Observando el cielo a ojo desnudo
(murió en 1601, ocho años antes de que se presentara al mundo el primer telescopio), registró con tanta precisión el cielo que Kepler no dudó en corregir sus propios prejuicios para obligar a la teoría a adaptarse a los hechos observados, cosa extraordinaria y estremecedora: se sabe que más bien intentamos cincelar el mundo para que se parezca al modelo que hicimos de él.

Sin ir más lejos, este tipeador exorbitado escribió que las órbitas de los planetas son parábolas: démosle un poco de poder, y es capaz de ponerle motores a la Tierra con tal de llevar su órbita a la correcta alineación parabólica que su escritura reclama.

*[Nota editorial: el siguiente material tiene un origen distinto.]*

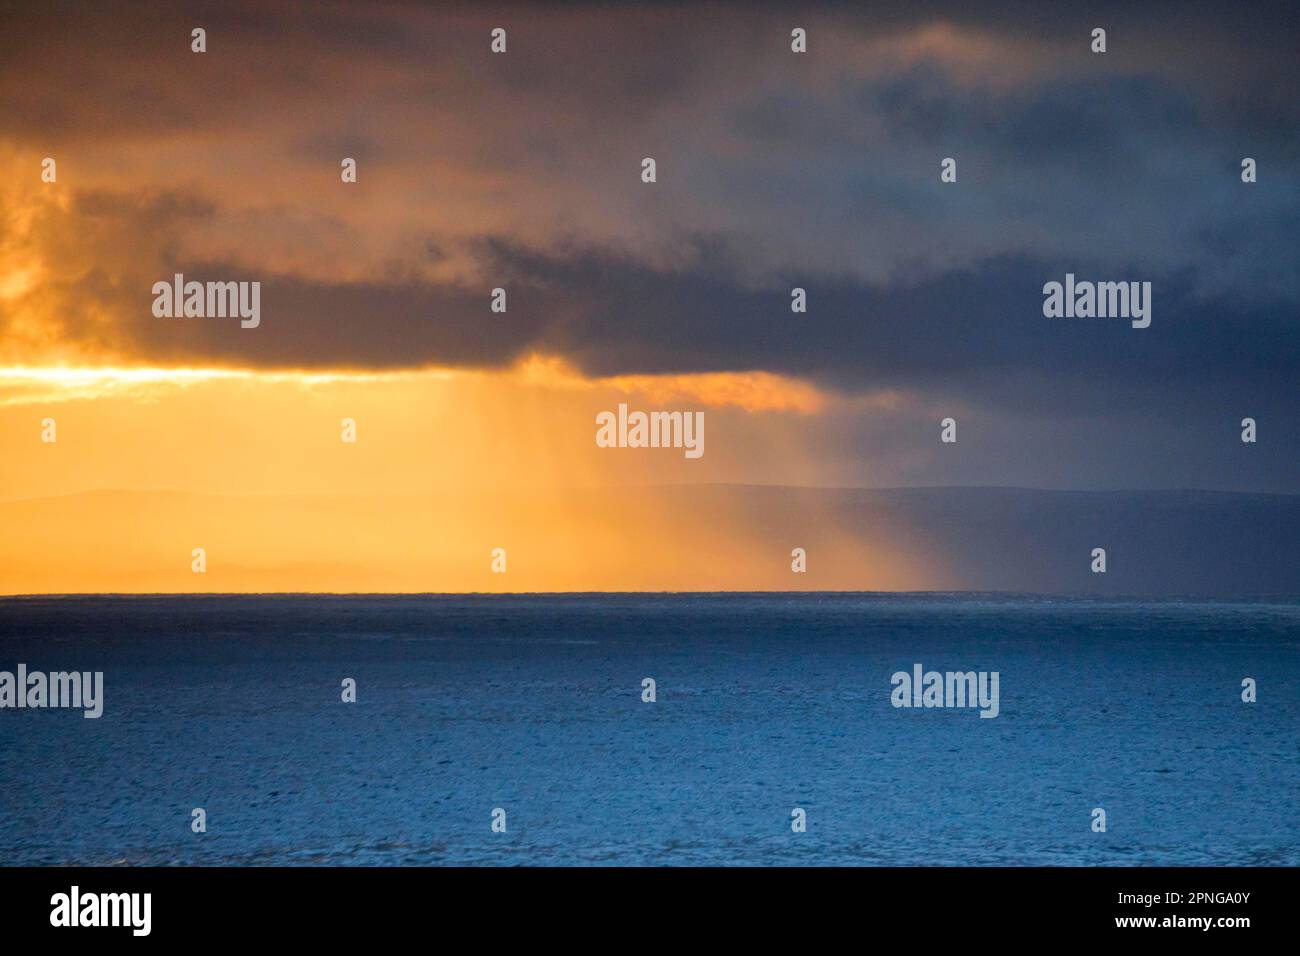 Die Abendsonne bricht durch tief liegende Regenwolken über den Sommerinseln und dem offenen Wasser des blauen Atlantiks an der Westküste Schottlands Stockfoto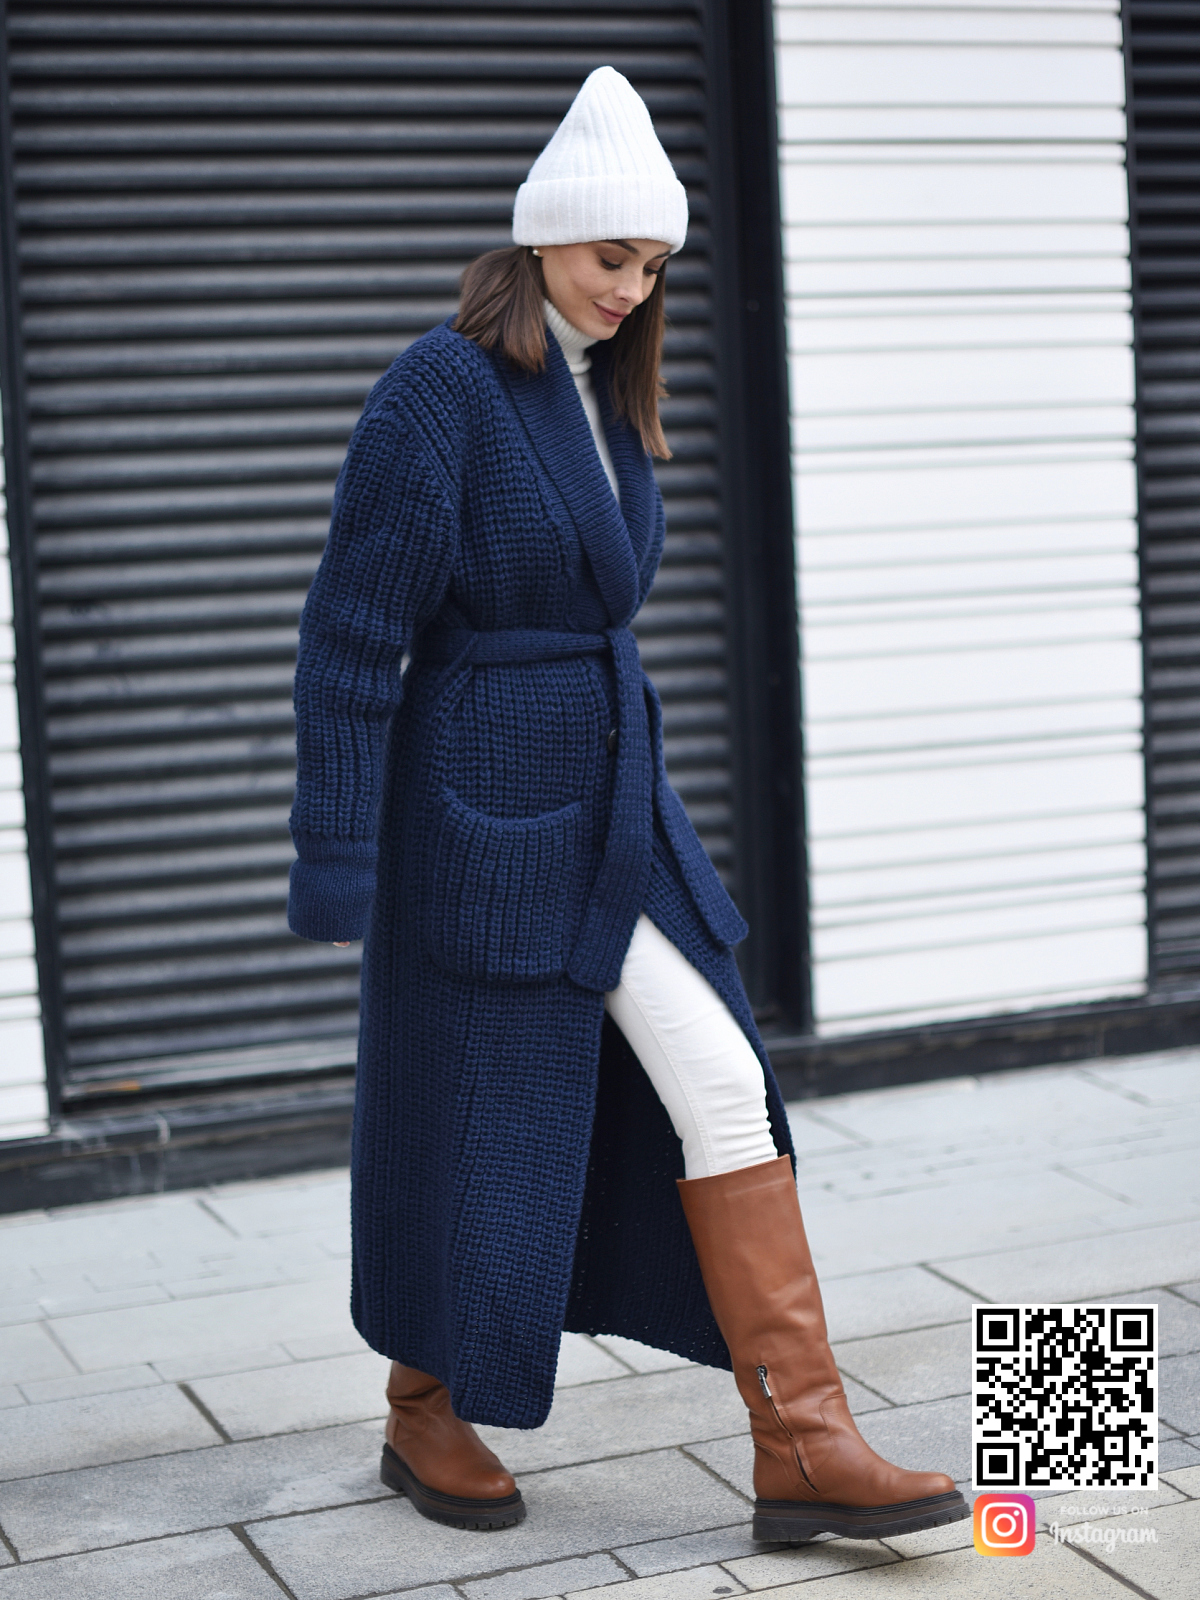 На второй фотографии кардиган синий женский с карманами в интернет-магазине вязаной одежды Shapar.

Pero atención, no fue Brahe solamente el gestor de su precisión apavorante. ¿A quién, si no a Kepler, podemos atribuir la legitimación de aquellas medidas? El alemán decretó, a partir de la confianza en la meticulosidad de su maestro, que esos datos eran ciertos. Claro que Tycho Brahe era un astrónomo reputado en toda Europa, pero la reputación no le basta a un gigante como Kepler. Así, no hay más remedio que concluir que Kepler permite la existencia de Brahe.

Porque ¿qué sería de las tablas de Brahe sin el modelo de Kepler? Simples y aburridas listas de números. Es decir, ¿qué sería de Brahe sin Kepler? Una especie de lunático estólido. Pensamos: en el oscuro anonimato de su observatorio silencioso, el héroe permanece en las sombras. ¡Qué injusticia, lloriqueamos, que todo el crédito se lo lleve Kepler, cuando sin las observaciones de Brahe nada se hubiera hecho posible! Horrible falacia de falsa humildad: todo el mérito es de Kepler, capaz de convertir en oro aquella pasta bruna que a su propio autor no le impidió el error.

Todo esto huele a coartada para concluir que más vale un modelo que una medición; a los efectos del juicio acerca de la barbaridad escrita por el firmante en su temeraria columna, esto intentaría demostrar -hiperbólicamente, digamos- que importa menos la forma de la curva que la esencia del análisis. El problema radica en que el tipo no es ni Brahe ni Kepler, por más que haga gárgaras con sus sonoridades germánicas. Y si aquellos pasaron por el mundo sin que la vergüenza les hiciera perder el tiempo, éste toma tantas cosas prestadas que cada poco se derrumba llorando y pidiendo perdón por no devolverlas.